## Activity
The exercise calls for the lines from the one containing "18a5dde904 Lyst - Garrett" to the end of the data below to be output exactly, pictures excluded.

## Data
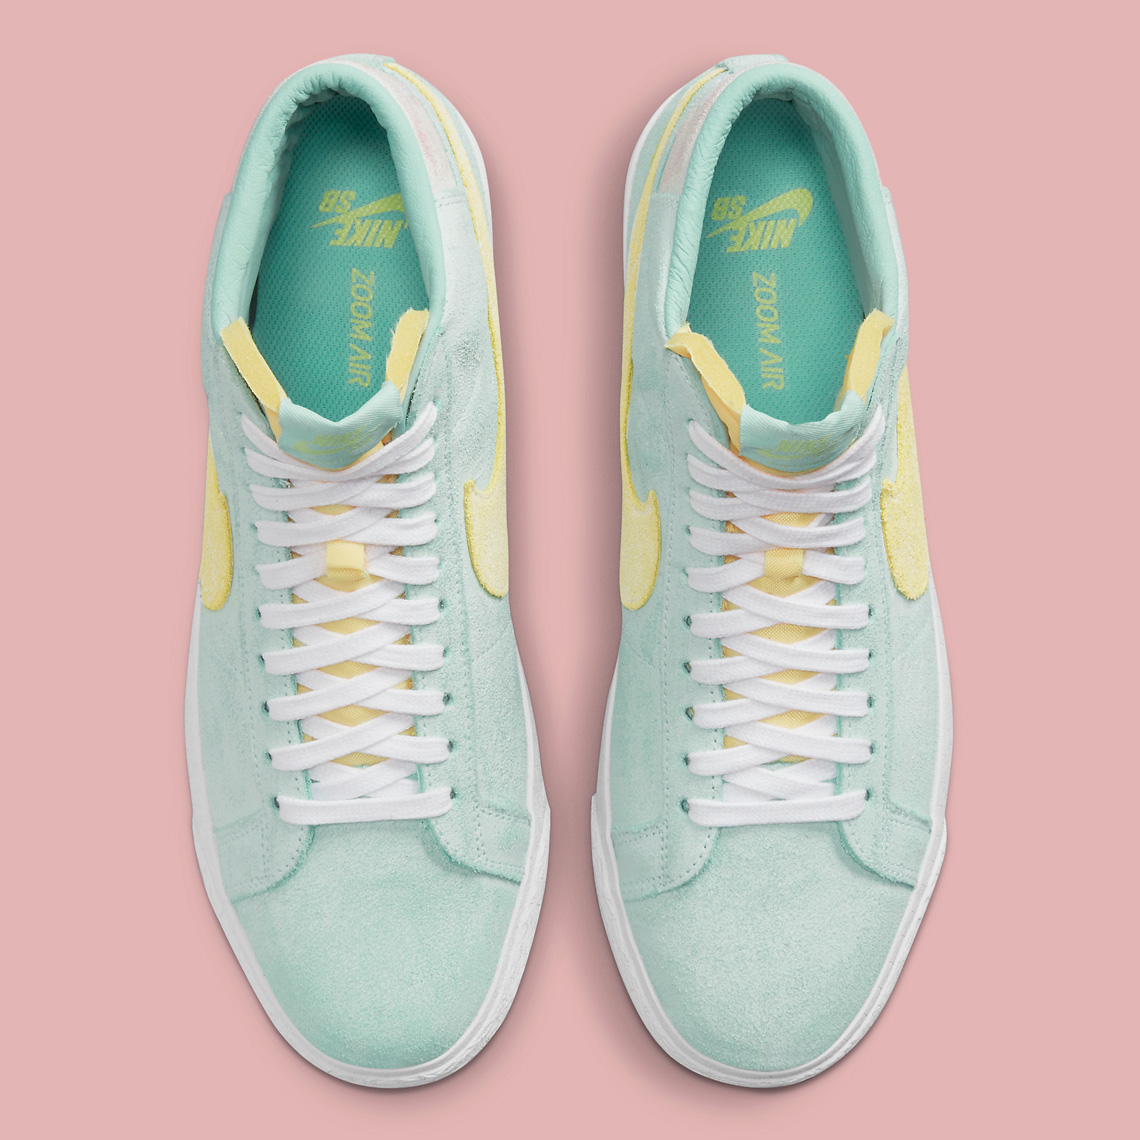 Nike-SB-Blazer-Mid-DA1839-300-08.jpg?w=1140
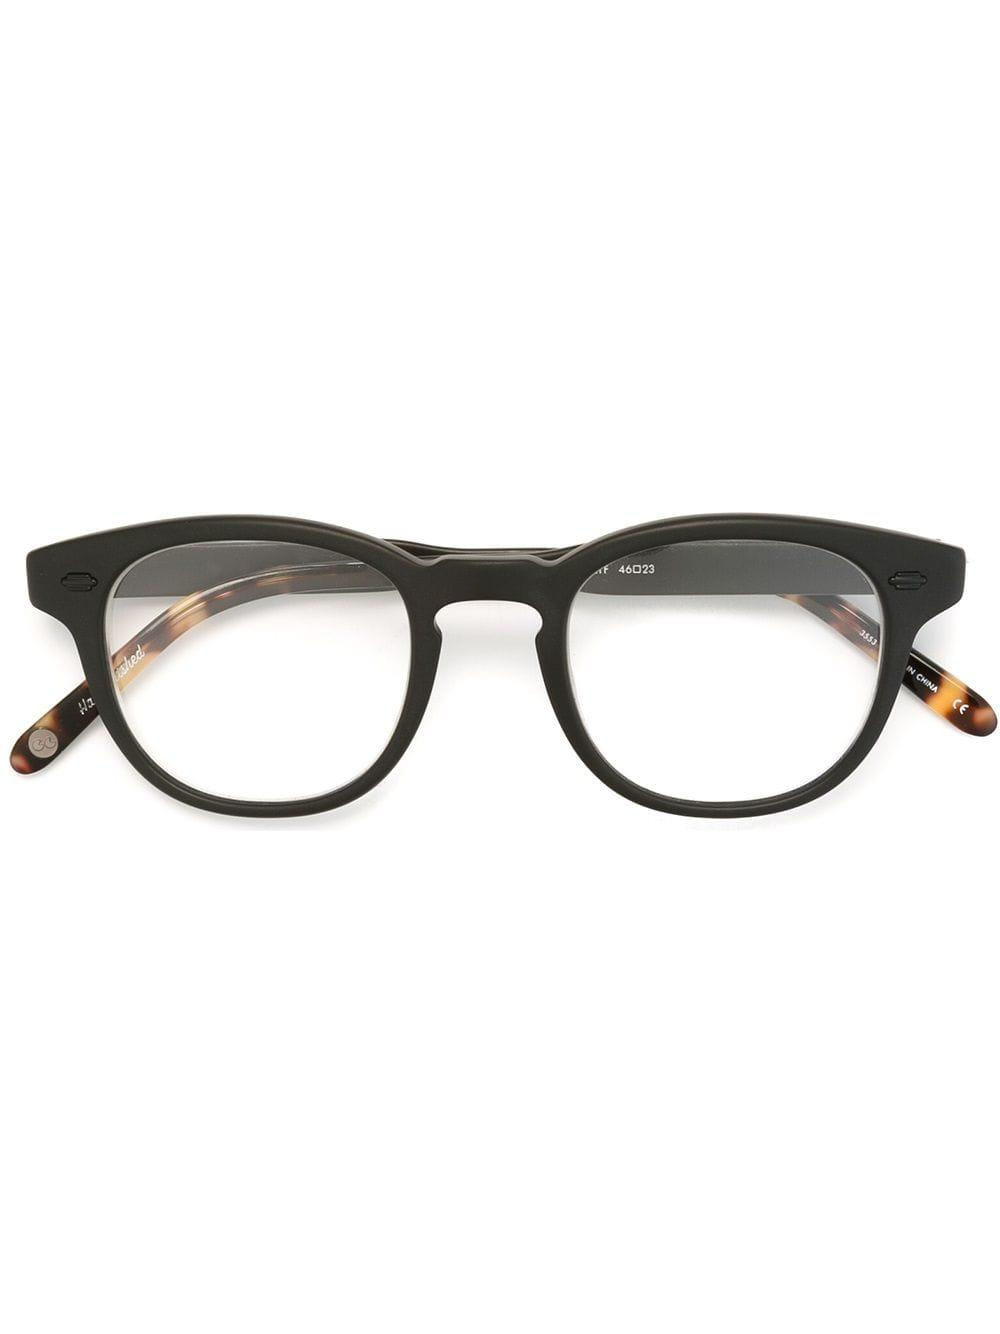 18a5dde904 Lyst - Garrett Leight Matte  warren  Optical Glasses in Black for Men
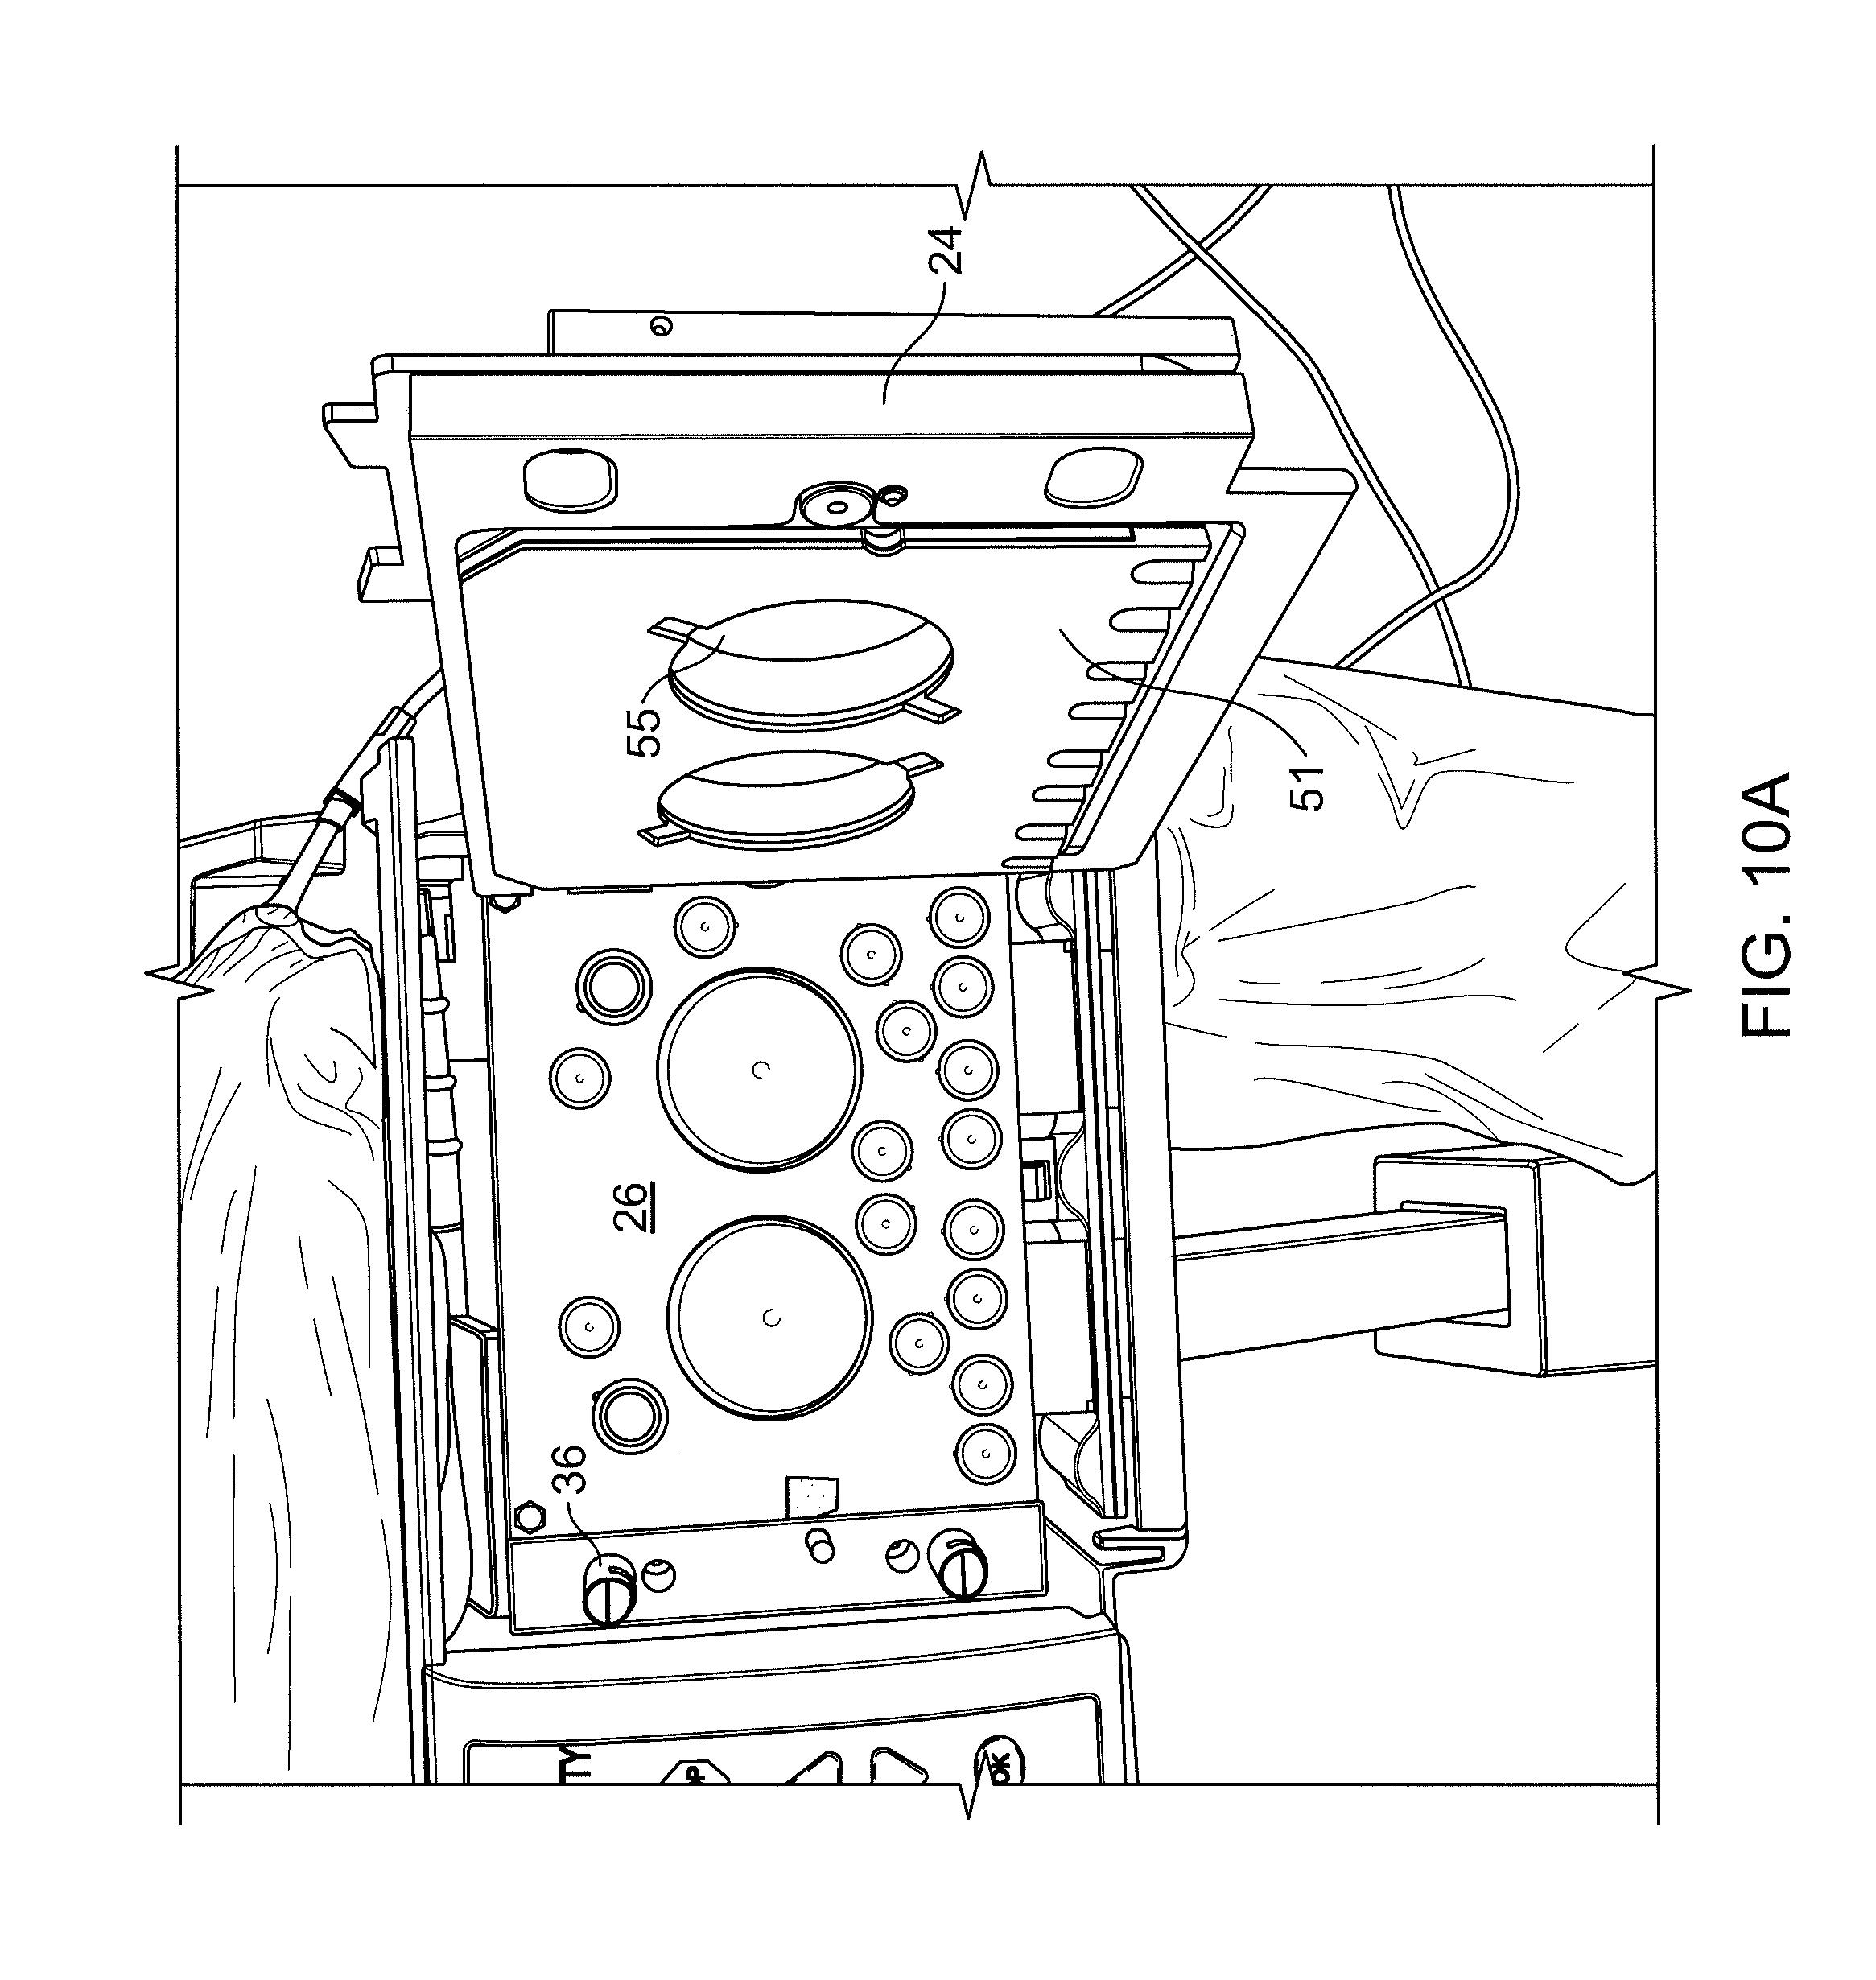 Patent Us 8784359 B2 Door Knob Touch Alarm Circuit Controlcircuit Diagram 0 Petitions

## Solution
 18a5dde904 Lyst - Garrett Leight Matte  warren  Optical Glasses in Black for Men
 Patent Us 8784359 B2 Door Knob Touch Alarm Circuit Controlcircuit Diagram 0 Petitions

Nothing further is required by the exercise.